Responses to Roundtable Questions

 

 

 

Senate Committee on Small Business and Entrepreneurship

“Investing in Small Business: Jumpstarting the Engines of our Economy”

Author: Arnold Baker, Board Member, NBCC

 

1)      How are small businesses or your business doing?

 

After four decades of targeted business development efforts, the New Orleans small, minority and woman owned business community is still primarily comprised of first generation cottage businesses with fewer than ten years of operating experience.  This small business community has traditionally suffered from a lack of available bonding, financing and continuity of work.  When combined with typical small business challenges of limited equity and cash, the ability to take on large more profitable projects is diminished as well. 

 

Hurricane Katrina only exasperated the situation and caused a significant amount of business failures.  It was thought that federal support and rebuilding dollars would initiate and sustain a new generation of more diversified, more capable, and more resilient businesses but that has not occurred.  Again, the lack of available financing resources, this time combined with the deferral of critical infrastructure redevelopment projects and a lack of work continuity in the commercial arena, has not only diminished growth but serves to potentially devastate the surviving small business community. 

 

There is, however, a light at the end of the tunnel as the US Army Corps of Engineers and HUD have recently awarded millions of dollars of infrastructure rebuilding projects.

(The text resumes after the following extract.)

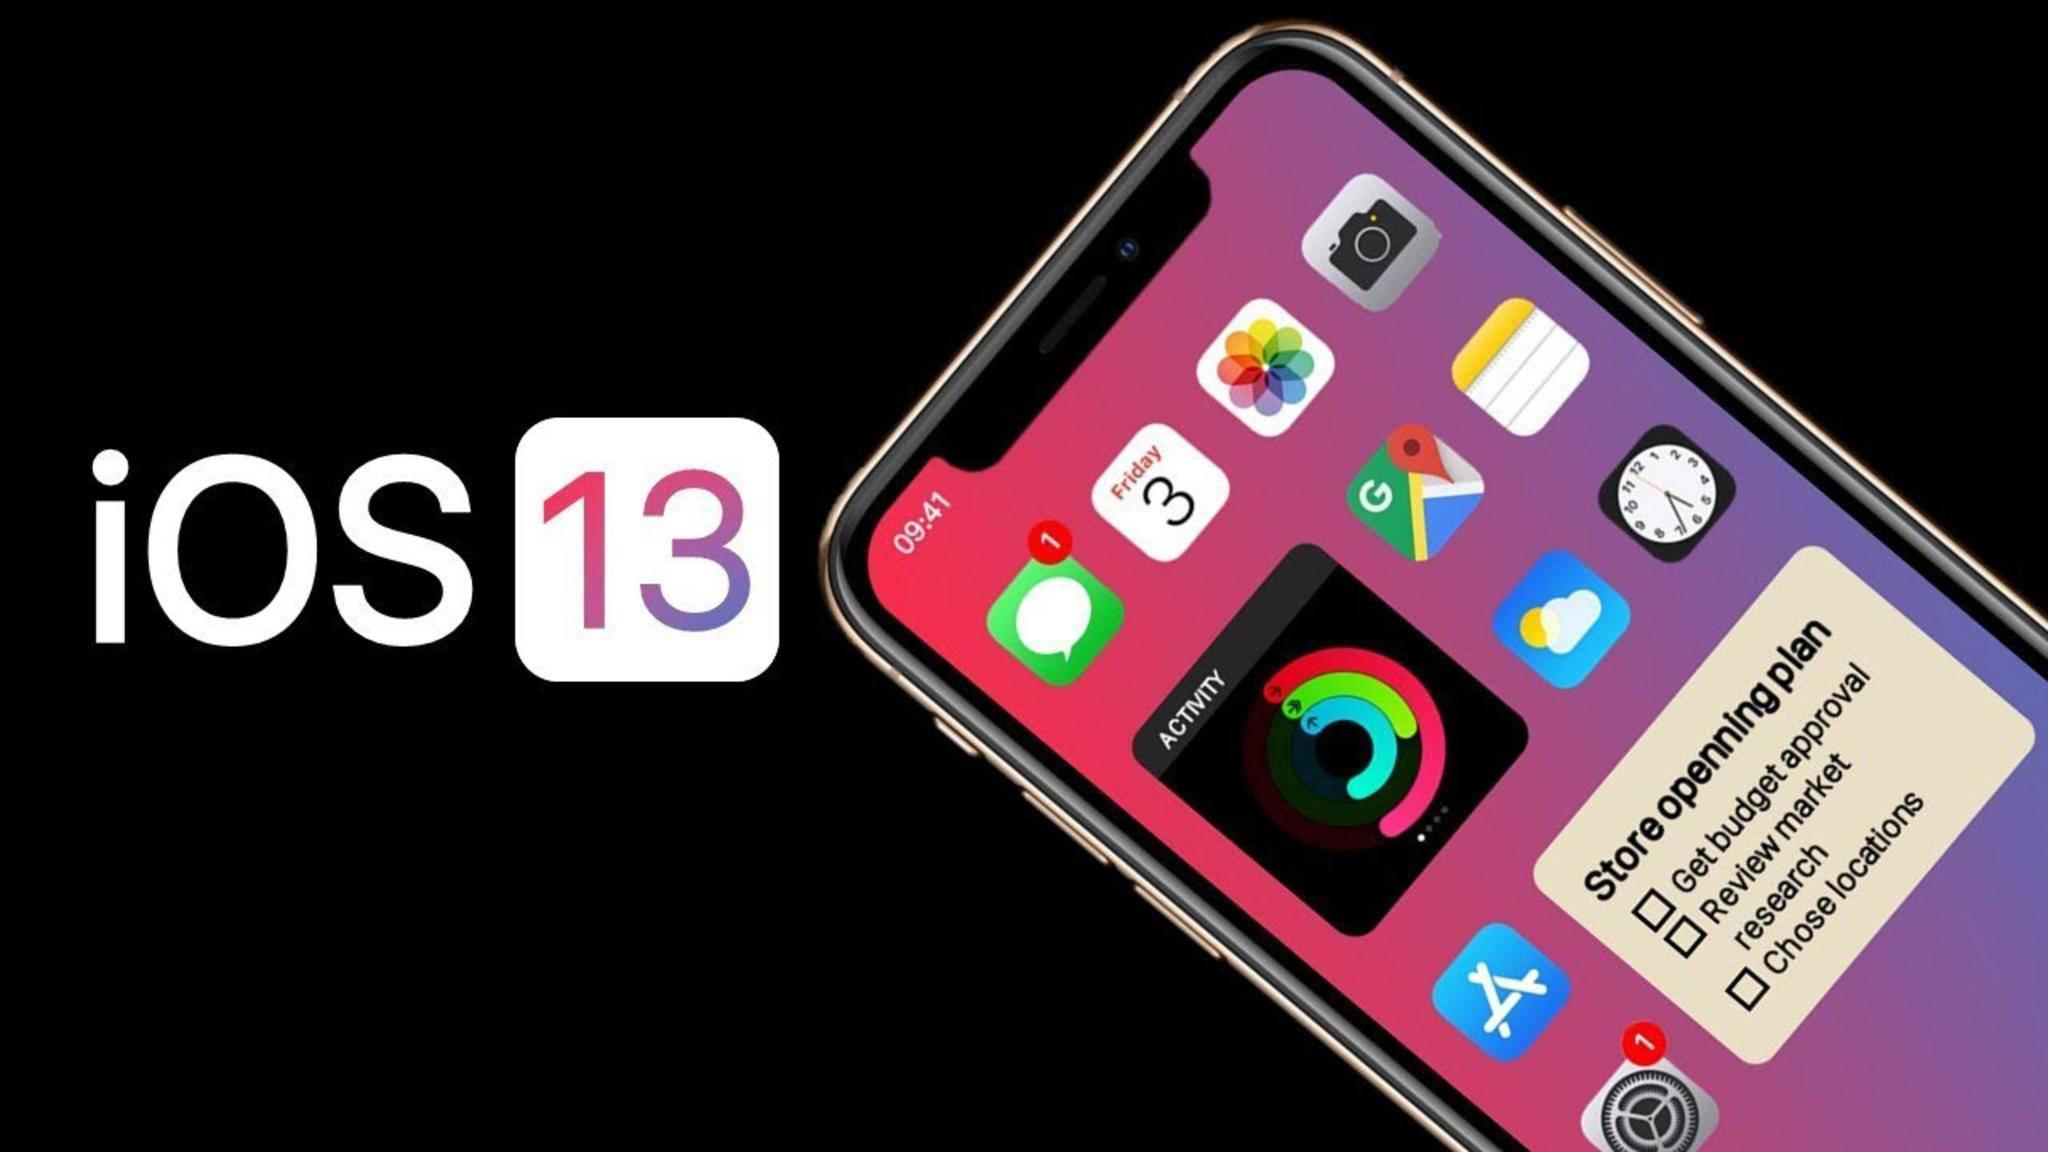 Die Chancen stehen gut, dass iOS 13 am 3. Juni offiziell vorgestellt wird.

We are hopeful that after the infrastructure work has started, industrial and commercial work will follow creating a need and fostering opportunity for small business growth. 

 

2)      What can the SBA do to create opportunities for small businesses?

 

Aggressively enact and enforce the compliance of local, small and minority participation goals while creatively utilizing available contract vehicles like the Alaskan Native American Corporation program to foster and promote local small business inclusion.

 

3)      What can the Federal government and Congress do to spur job creation and grow the economy?

 

The Federal government and Congress must take the brakes off of the infrastructure rebuilding projects in the New Orleans Metropolitan Area which after three years of delays still have not started.  Contracts, again, have been awarded but the great majority of projects have still not been given the notice to proceed.  Billions of dollars of HUD/Housing Authority of New Orleans and USACE and Stafford Act Rebuild projects fall into this category.  The system of inclusion and small business support to build the infrastructure rebuilding projects in the New Orleans Metropolitan Area can then be replicated throughout the nation to jumpstart other regional economies.  Small business development has for the past two decades been the country’s greatest source of new job creation.    

 

4)  Have TARP funds been useful to small businesses?  If not, what can the second round do to truly help?

 

No.  There has been no impact.  The second round must create provision that mandate benefits to small business to include financing and contract inclusion

 

5)  Are there provisions in the House and Senate Stimulus bills that help small businesses?

 

After a quick review, most of the provisions in the House and Senate stimulus bill pay lip service to small businesses but give direct support to the large business community.  Trickle down rarely trickles down.